1\. RRSPs? Form 8891.

2\. Still have bank/etc. accounts in Canada (including RRSPs)? Form TD F
90-22.1.

3\. Mutual funds inside those Canadian accounts? Form 8621.

4\. Own shares in a Canadian company (not public)? Form 5471. Partner in a
partnership? Form 8865.

These are common foot-faults. I don't know about your particular situation.
And all of these will apply whether the CRA thinks you are still a Canadian
resident or whether they think you're a nonresident for Canadian tax purposes.

------
gyardley
Are you considered a resident or a non-resident of Canada for tax purposes,
and do you have income from Canadian sources?

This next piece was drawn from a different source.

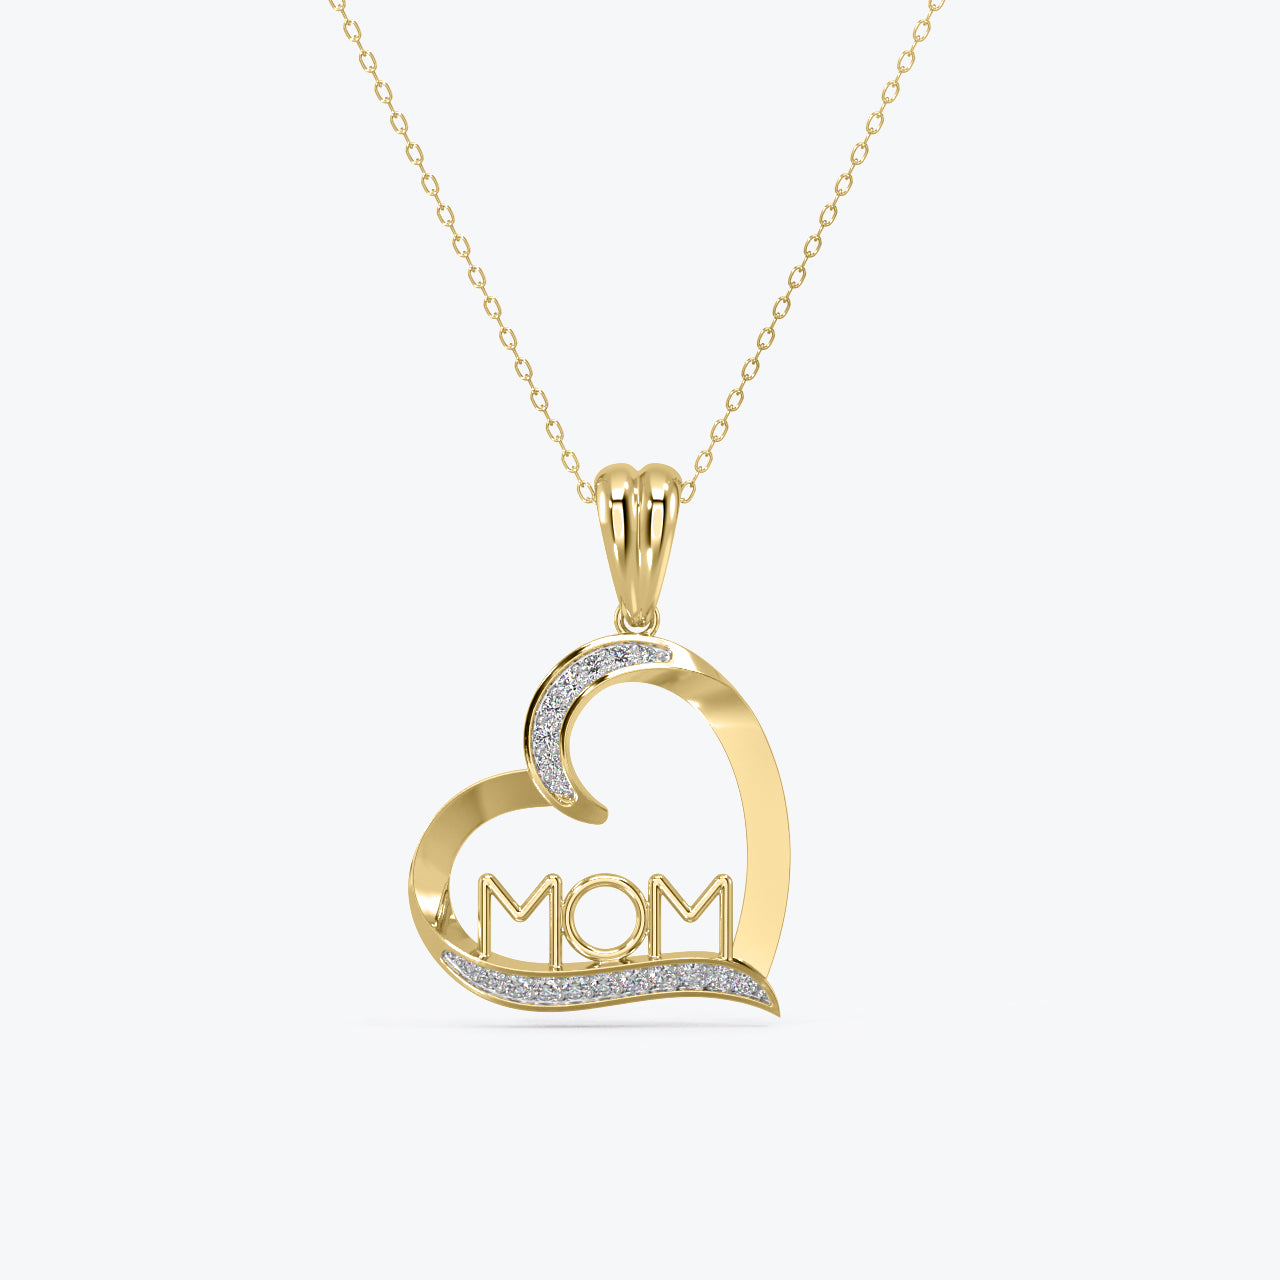 14k Gold and Diamond Mom Necklace
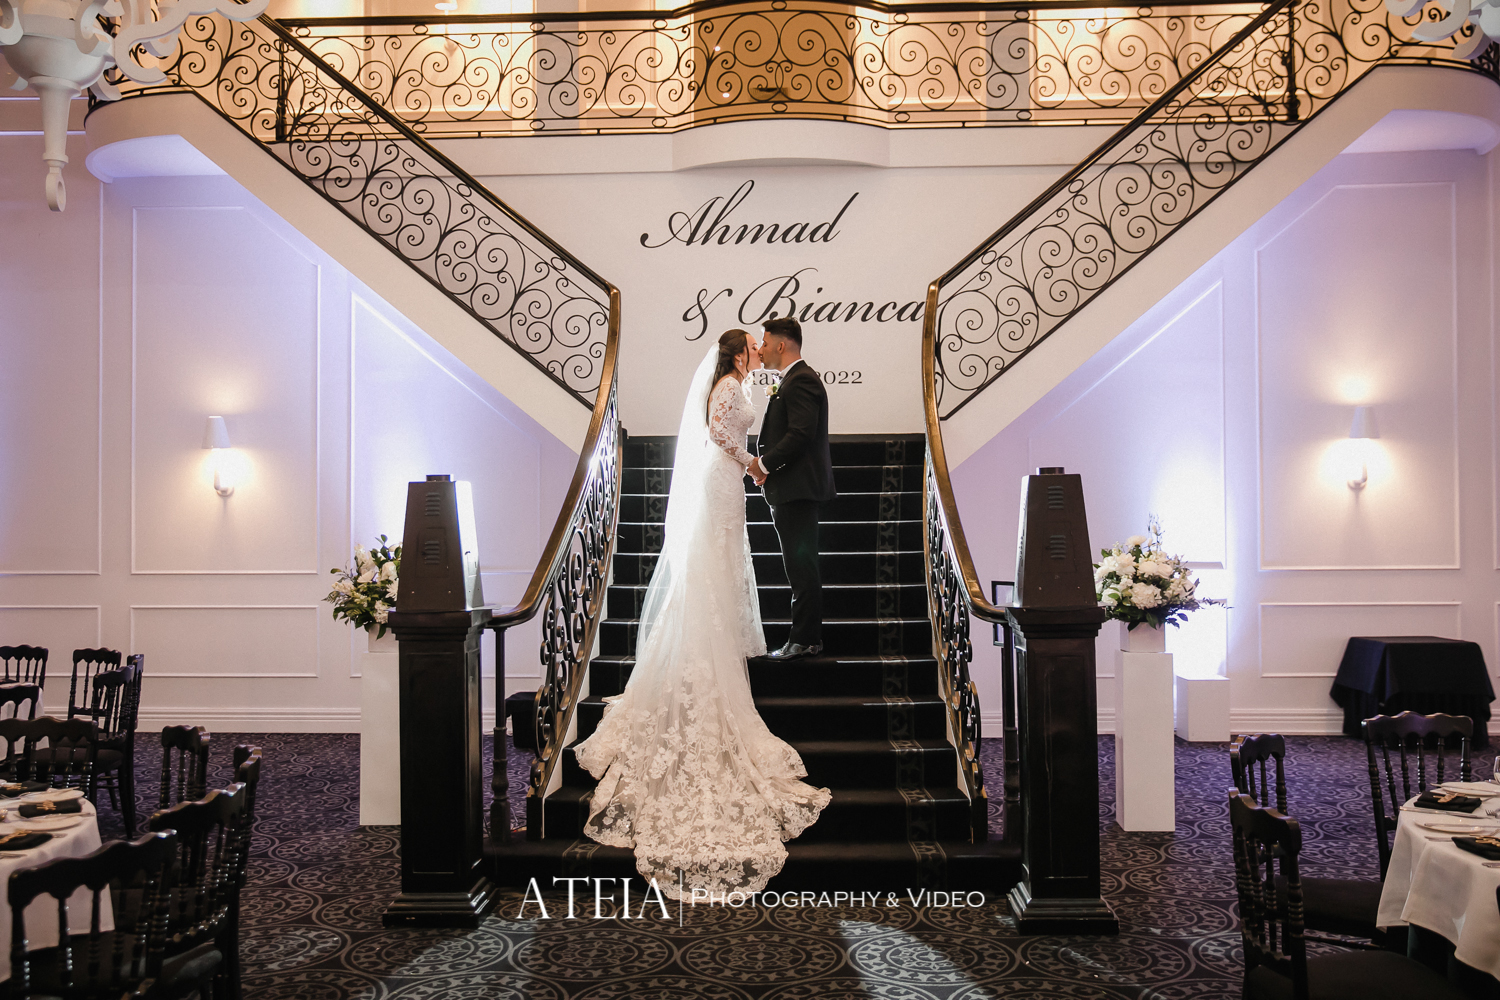 , Bianca and Ahmad&#8217;s wedding photography at Lakeside Receptions captured by ATEIA Photography &#038; Video

<http://www.cra-arc.gc.ca/tx/nnrsdnts/ndvdls/nnrs-eng.html>

If your answer to both those questions is no - as it is in my case - you don't
need to file a Canadian return, and you can use whatever tax preparation
services your American friends do.

Way back in 2001, the year I moved here, I _believe_ I filed both an American
and a Canadian federal tax return and on the Canadian tax return I claimed my
American taxes paid as a foreign tax credit. I was a broke-ass student at the
time, so using a tax-prep service wasn't an option. But I don't remember it
being particularly complicated.

Keep in mind that I am not a tax accountant, the rules and regulations may
have changed, and my memory is probably completely shot - so don't take my
advice as gospel.